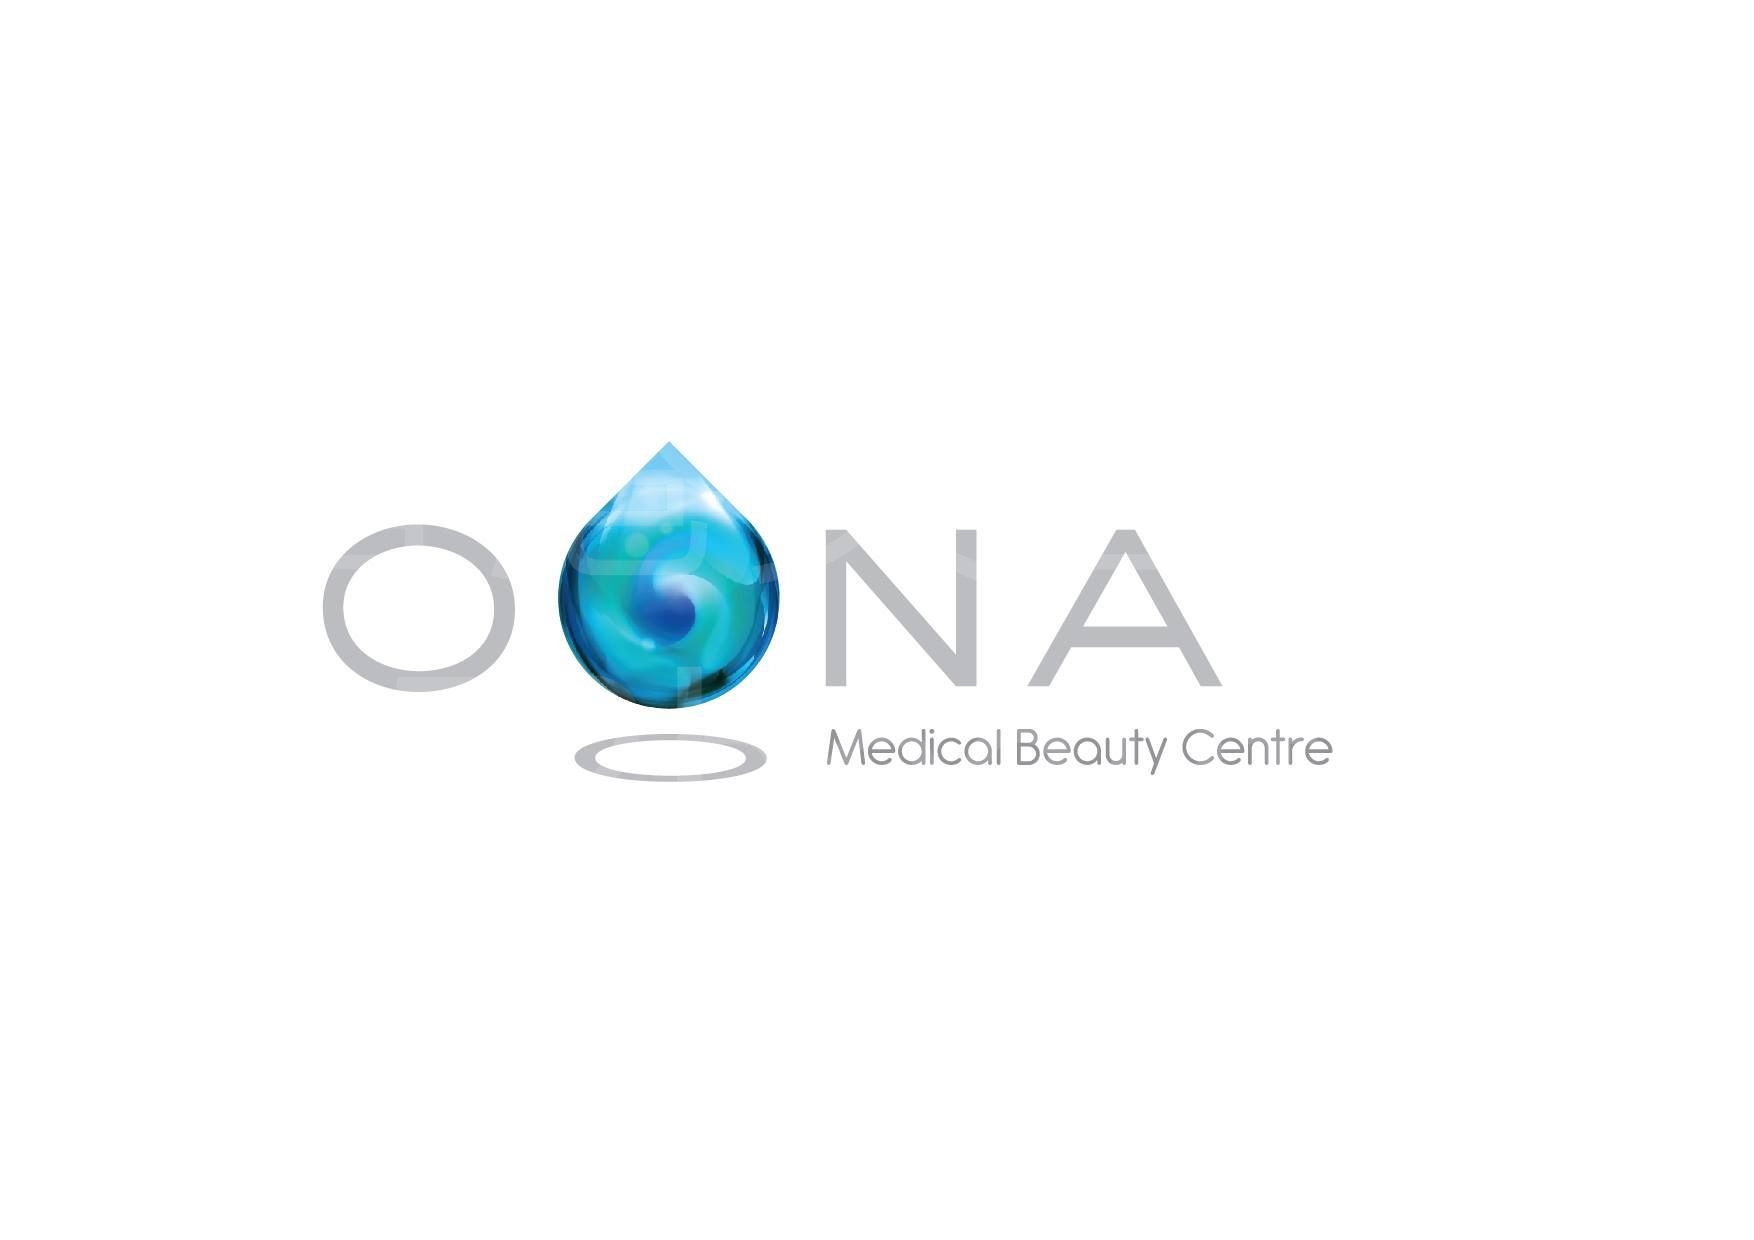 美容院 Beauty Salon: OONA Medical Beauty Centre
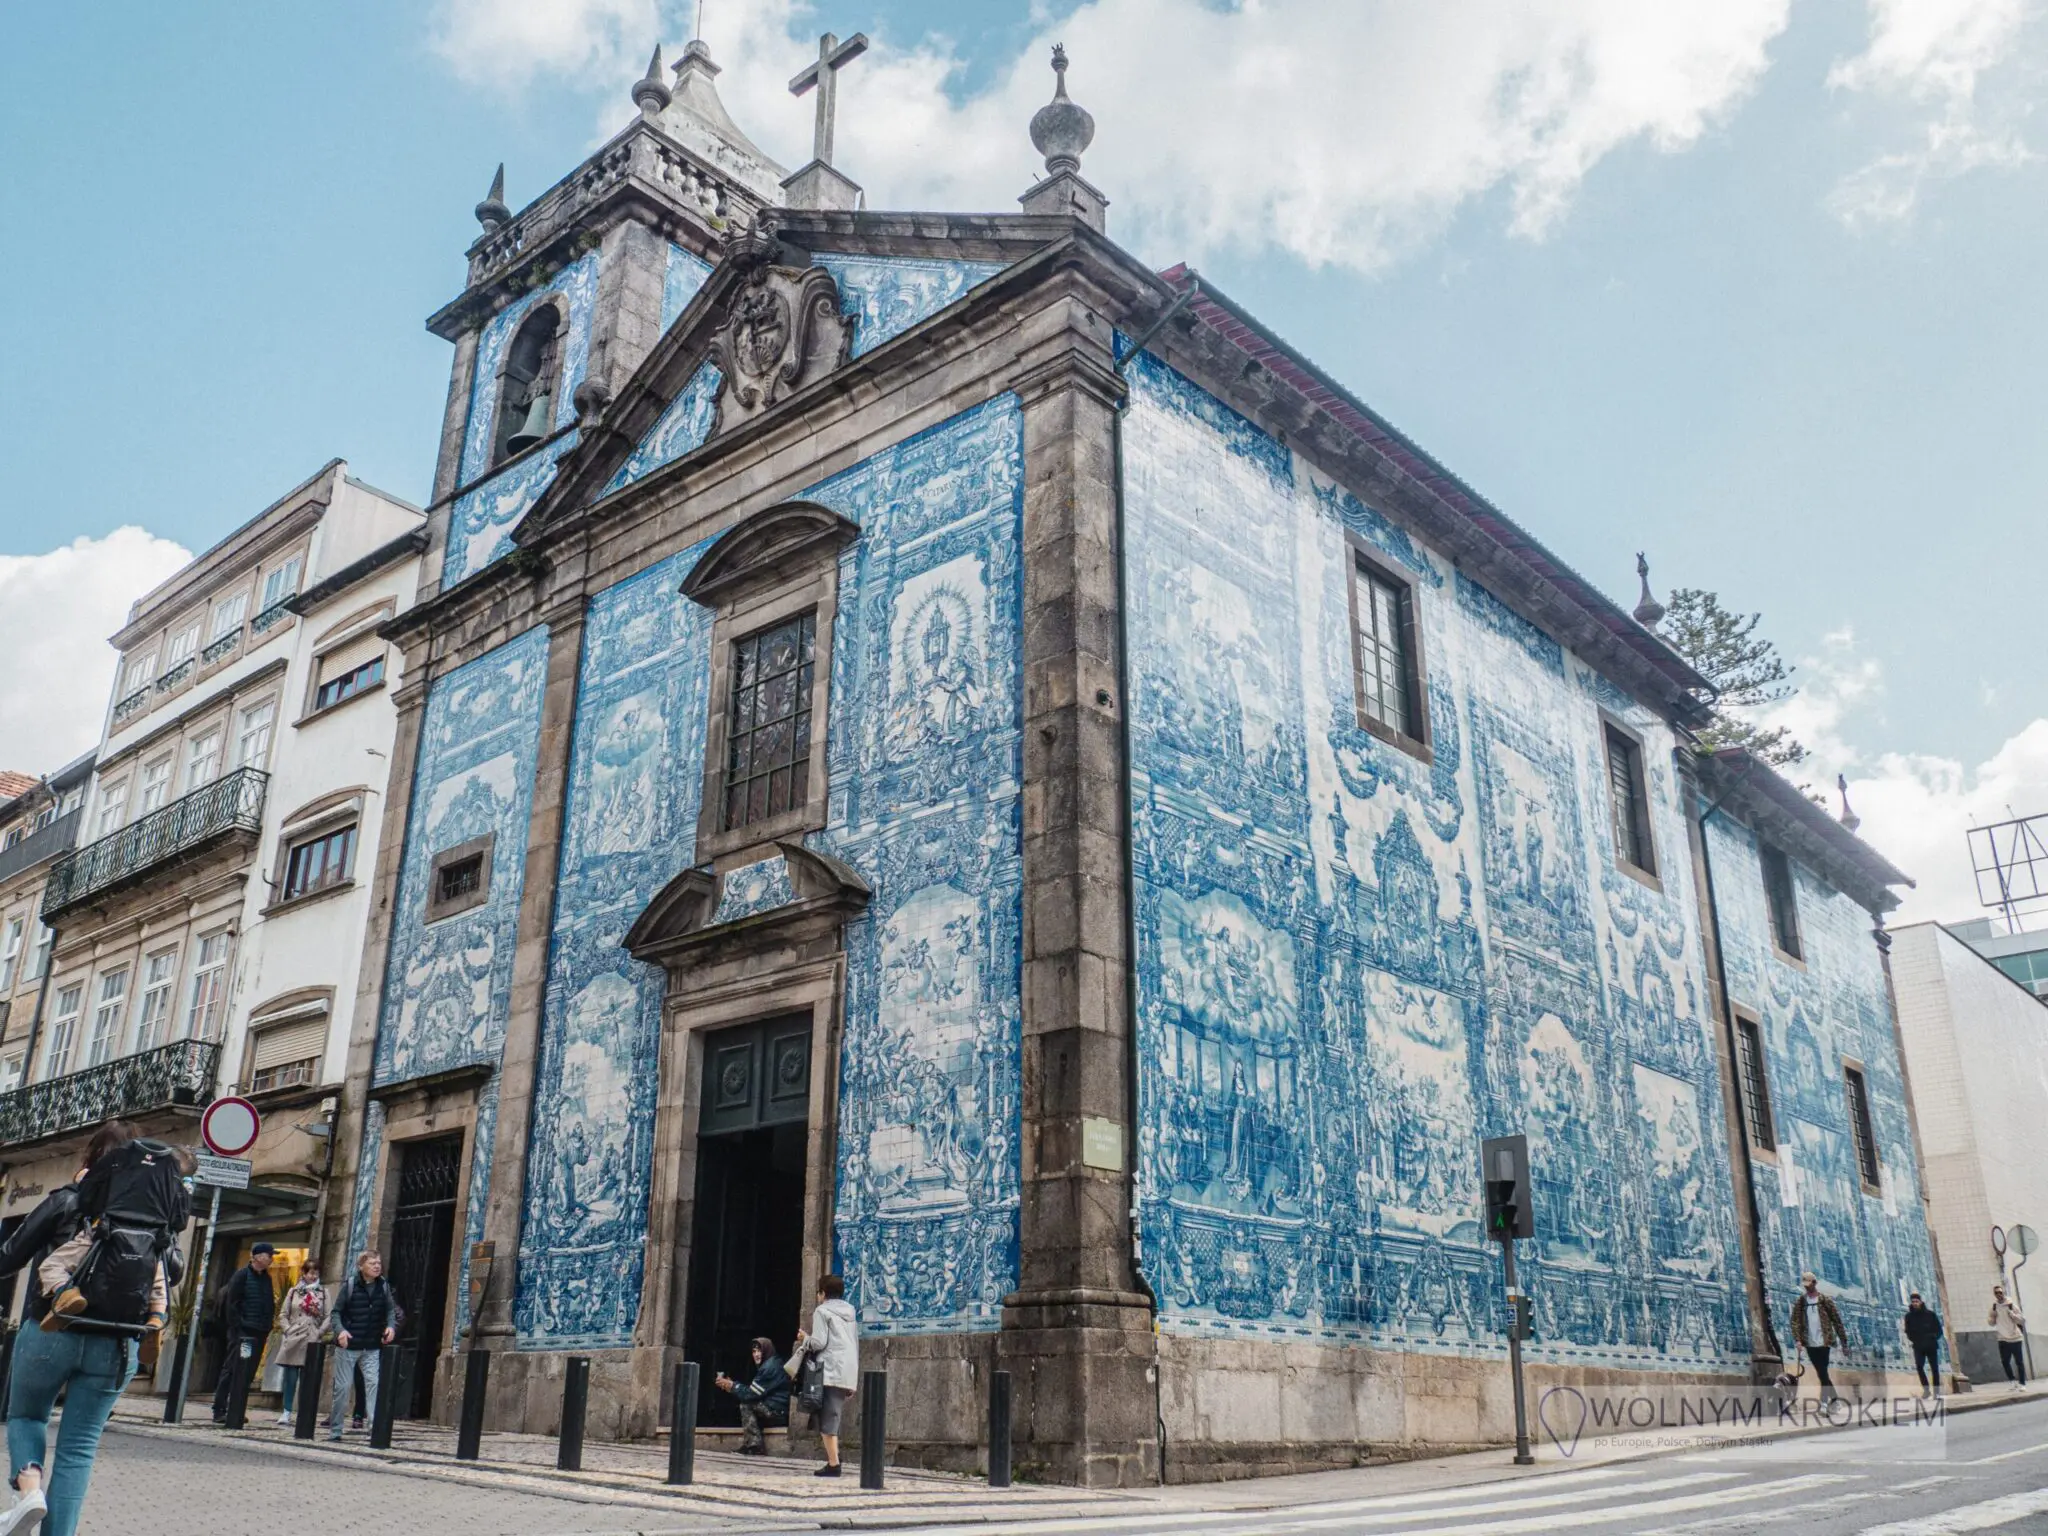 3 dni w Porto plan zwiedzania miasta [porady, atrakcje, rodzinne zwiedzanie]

---

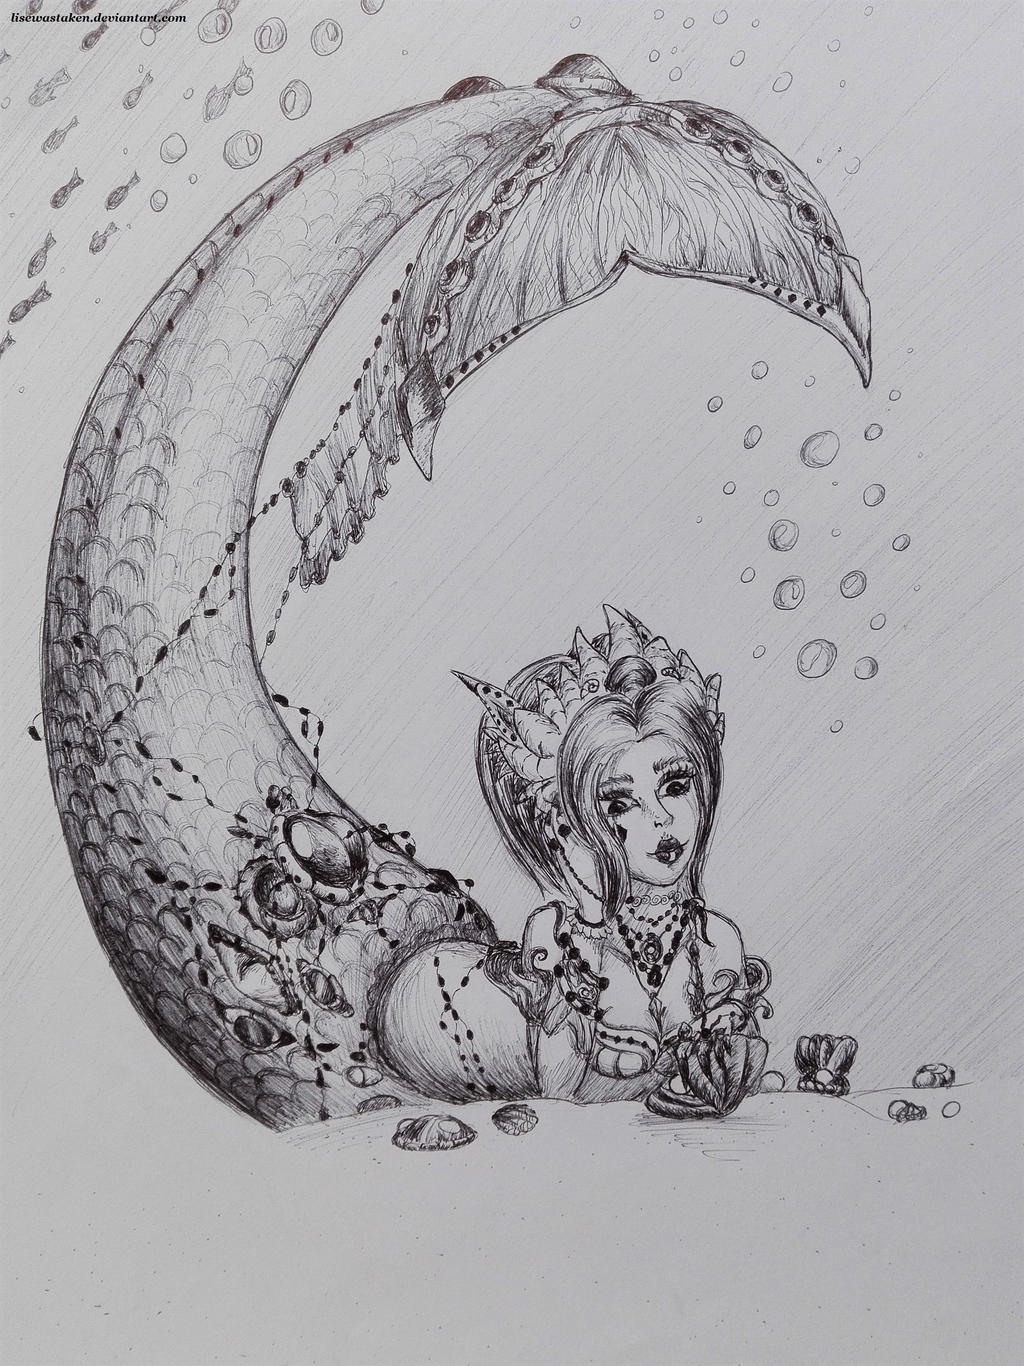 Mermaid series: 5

#### [EXERCISE DIRECTIONS]
Look above for the line containing "美容院 Beauty Salon: OONA Medical Beauty Centre", then write out every line from there down to the line containing "3 dni w Porto", that line included, with no pictures.

#### [ANSWER TO THIS EXERCISE]
 美容院 Beauty Salon: OONA Medical Beauty Centre
 3 dni w Porto plan zwiedzania miasta [porady, atrakcje, rodzinne zwiedzanie]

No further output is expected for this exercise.